When we at Boston Audio Design started researching the cryogenic tempering of tungsten carbide, we contacted one of the most respected cryogenic labs in the country and were lucky to find someone at the company who was also interested in the audiophile applications of cryogenic treatment. In fact, he tells us that some manufacturers send their vacuum tubes to his company for treatment (a trade secret of at least a few equipment manufacturers apparently). While it may seem from this article that “cryogenic tempering” is just one process, there are in fact many variations of the technique that include not only the destination temperature, but how long the material is held at the temperature, how quickly it is cooled, how quickly it is warmed, and whether additional heat is applied after cooling.
We tried a variety of cryogenic techniques and determined that one in particular gave the results we were looking for.

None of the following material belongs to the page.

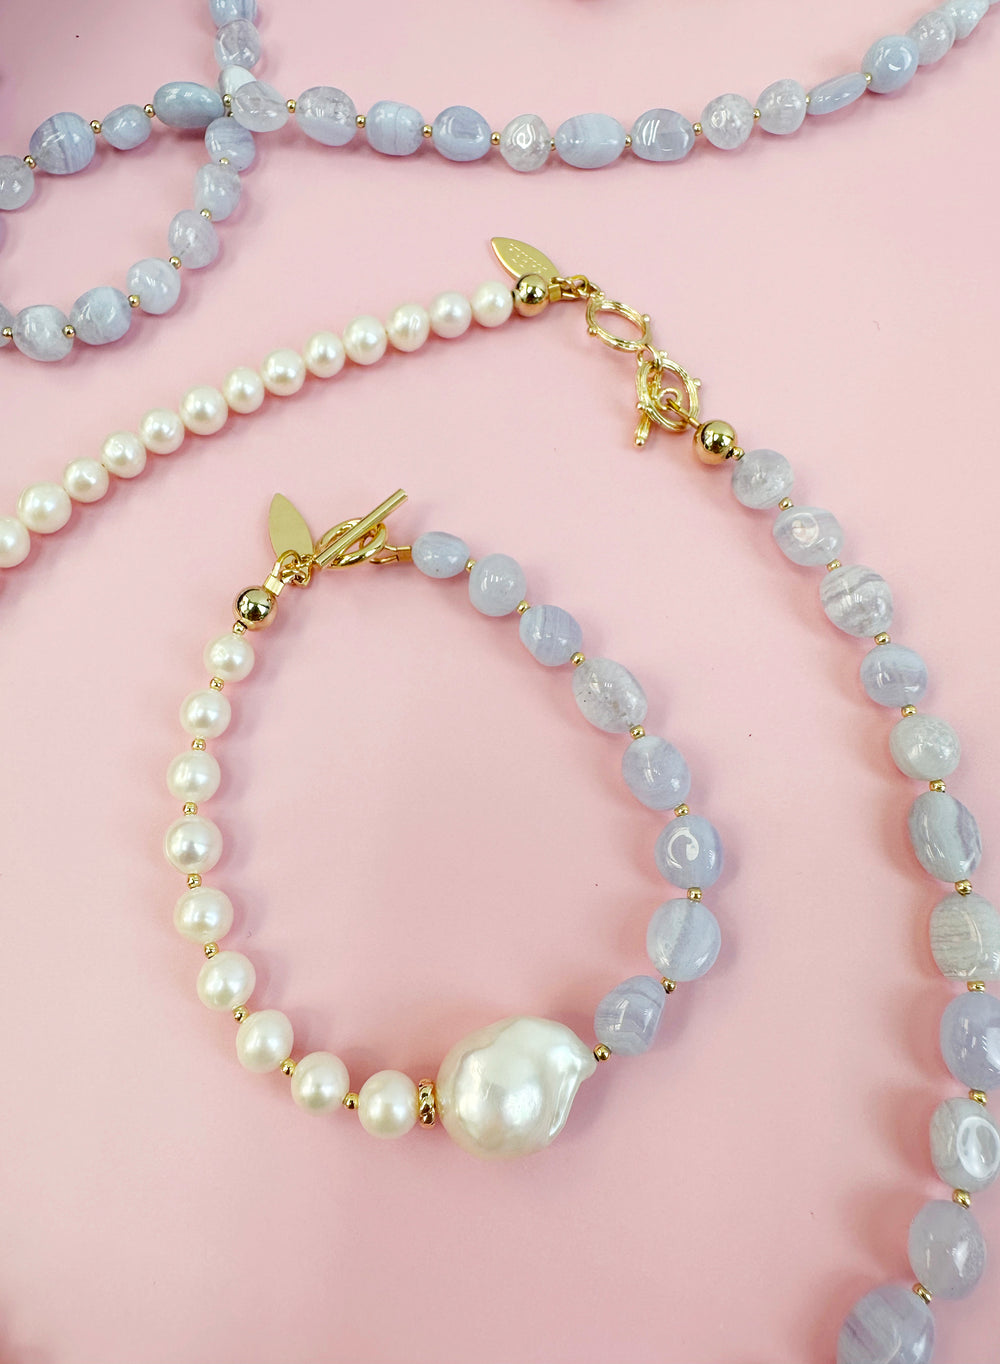  The combination of pearls and agate creates a harmonious balance, making it a versatile accessory for any occasion.
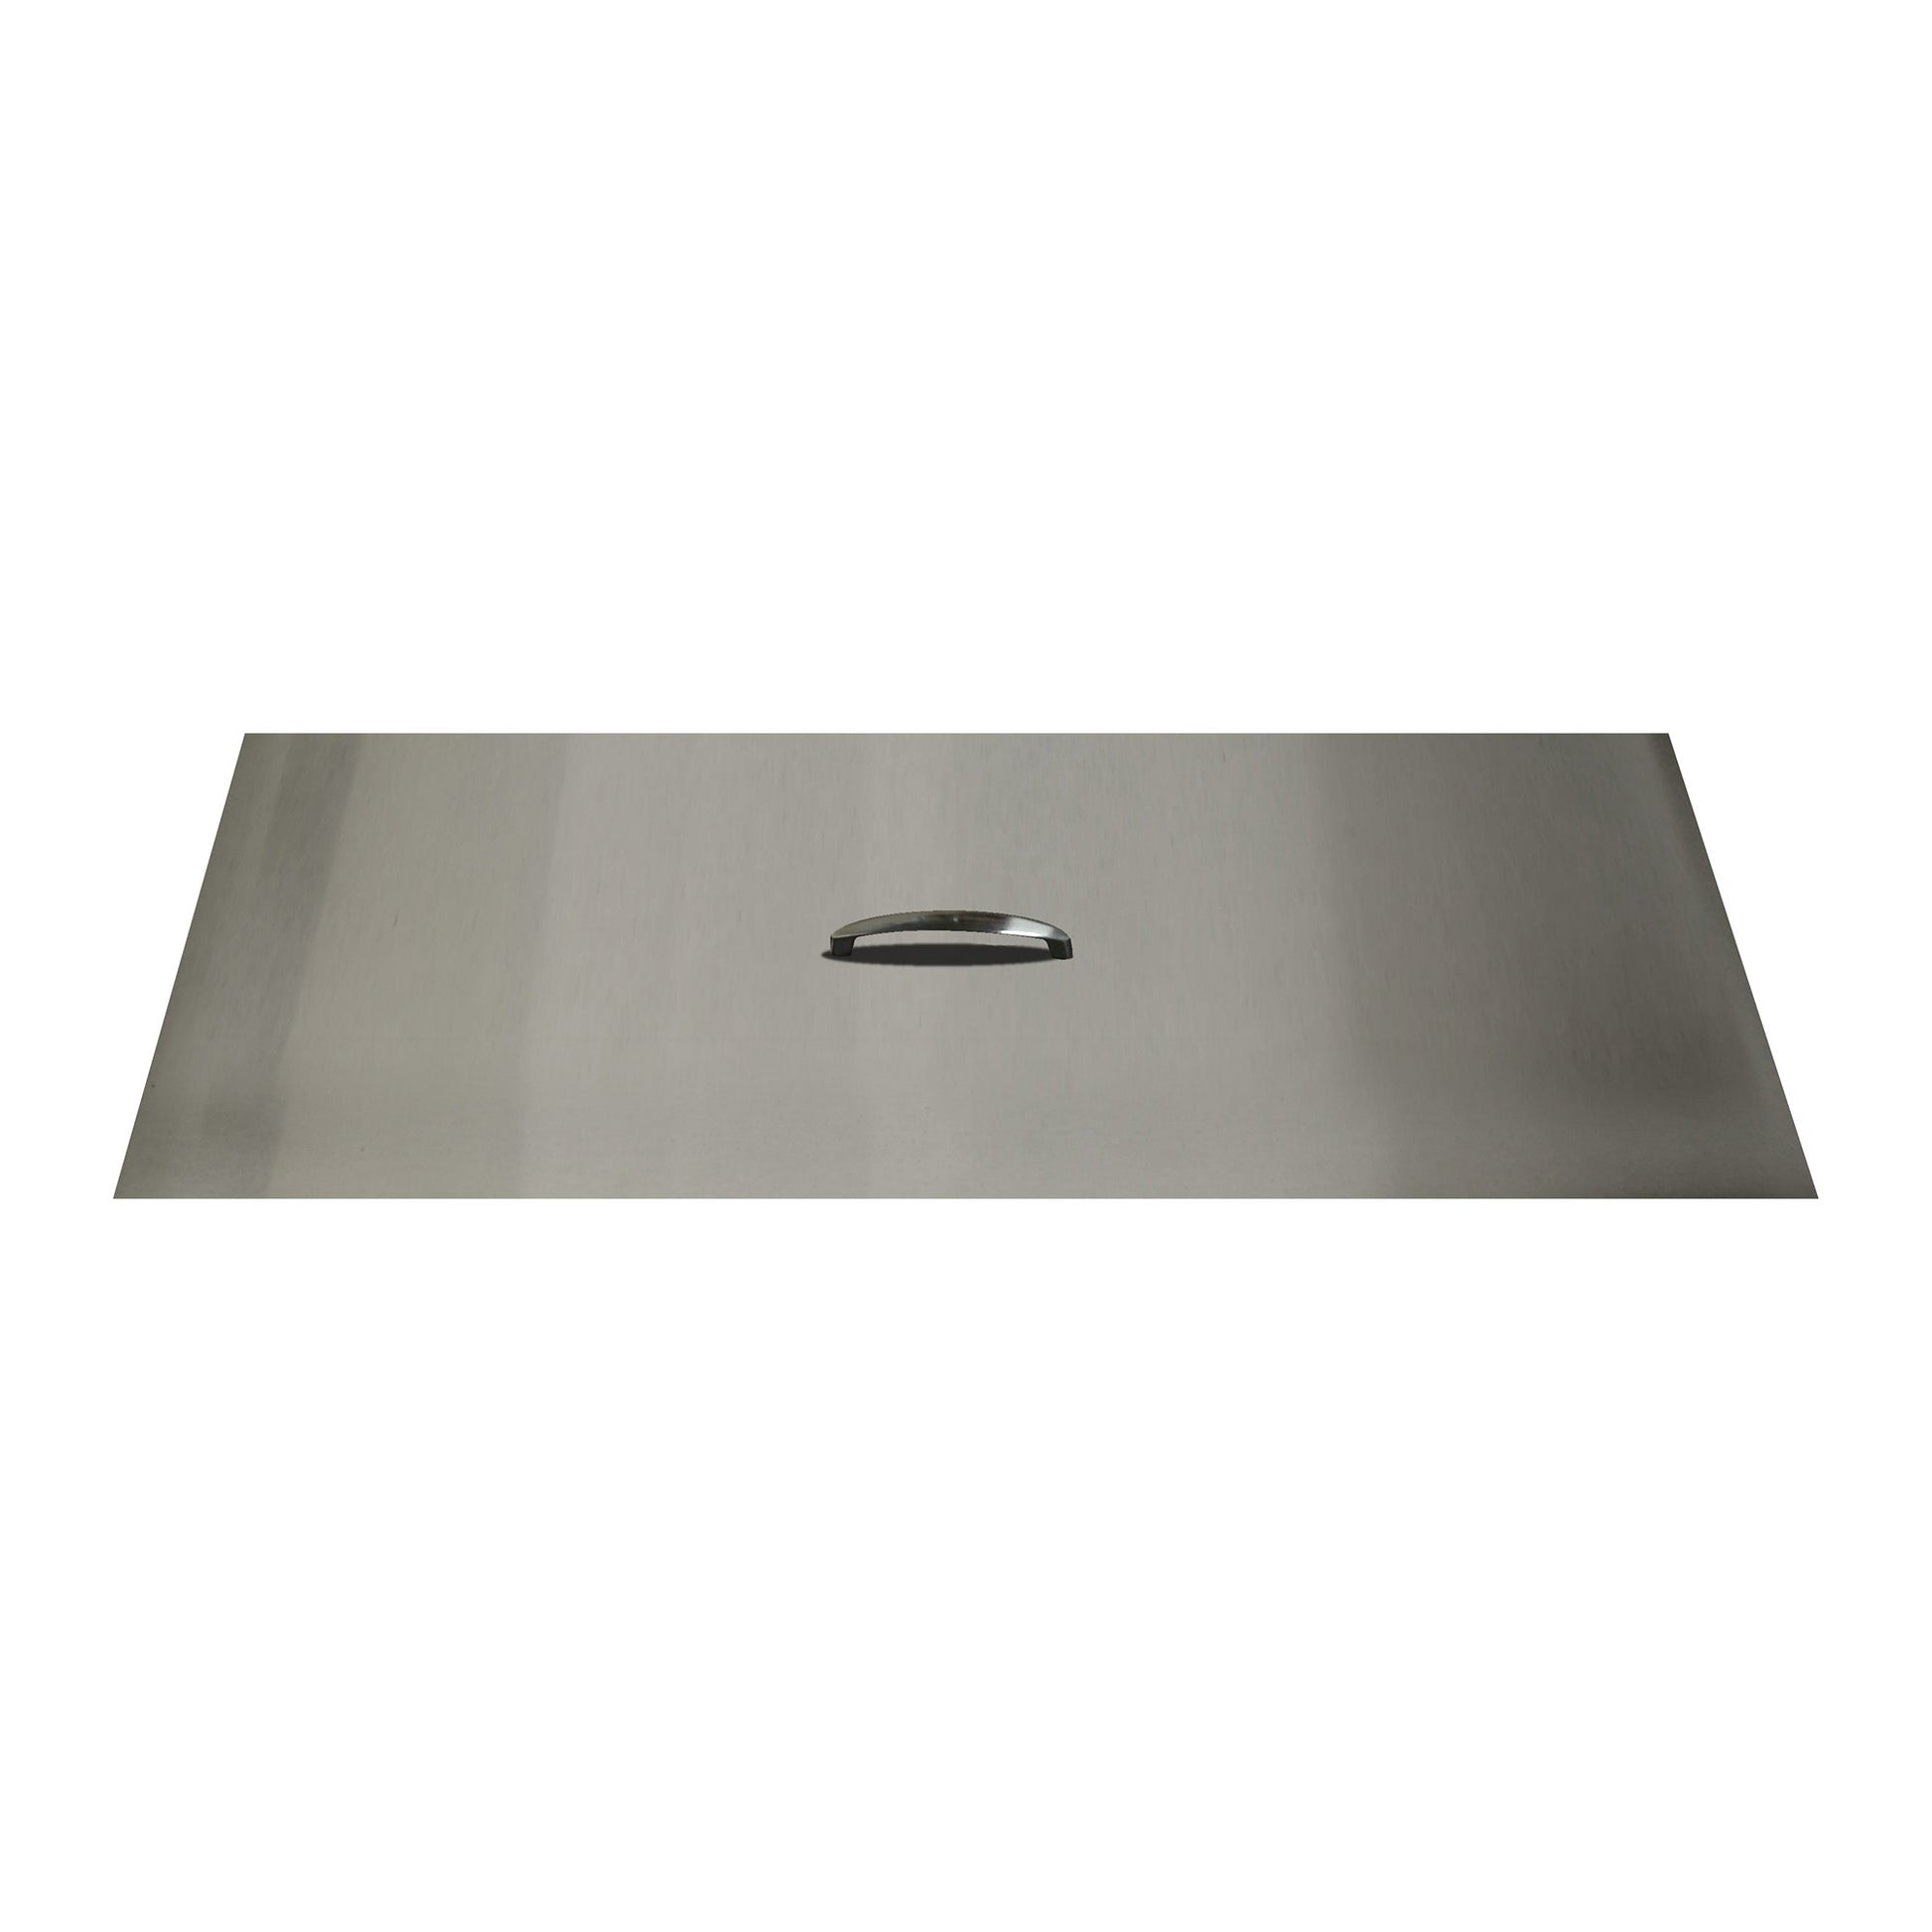 The Outdoor Plus Dixie 10" x 38" Stainless Steel Rectangular Fire Pit Lid Cover

The result was nothing less than the first commercially viable performance improvement we have been able to find to the component/footer interface. We’re still exploring exactly why our cryogenic process yields the results that it does, but we suspect that the same mechanisms that make tungsten carbide stronger as the result of treatment (changes to the cobalt binder, changes in the crystal lattice structure) also affect the material’s ability to conduct vibration from the components and into the graphite block. As we learned earlier in this paper, the more efficient the medium for channeling energy, the more effective graphite can be at dissipating it.
By adapting some of the most recent advances in cryogenic tempering and applying them to audiophile ends, we are able to bring to market our highest performance TuneBlock yet – the SE. With more than twice the graphite mass of the standard TuneBlock and a 50% larger bearing that has been cryogenically tempered according to our emersion process, we feel that the SE represents the logical fulfillment of the TuneBlock design… and one of the highest performance footer systems available.
Boston Audio Design was the first to bring pure carbon graphite and tungsten carbide together into a high performance audio product. We will continue to search for the “next frontier” in audiophile performance – wherever we find it.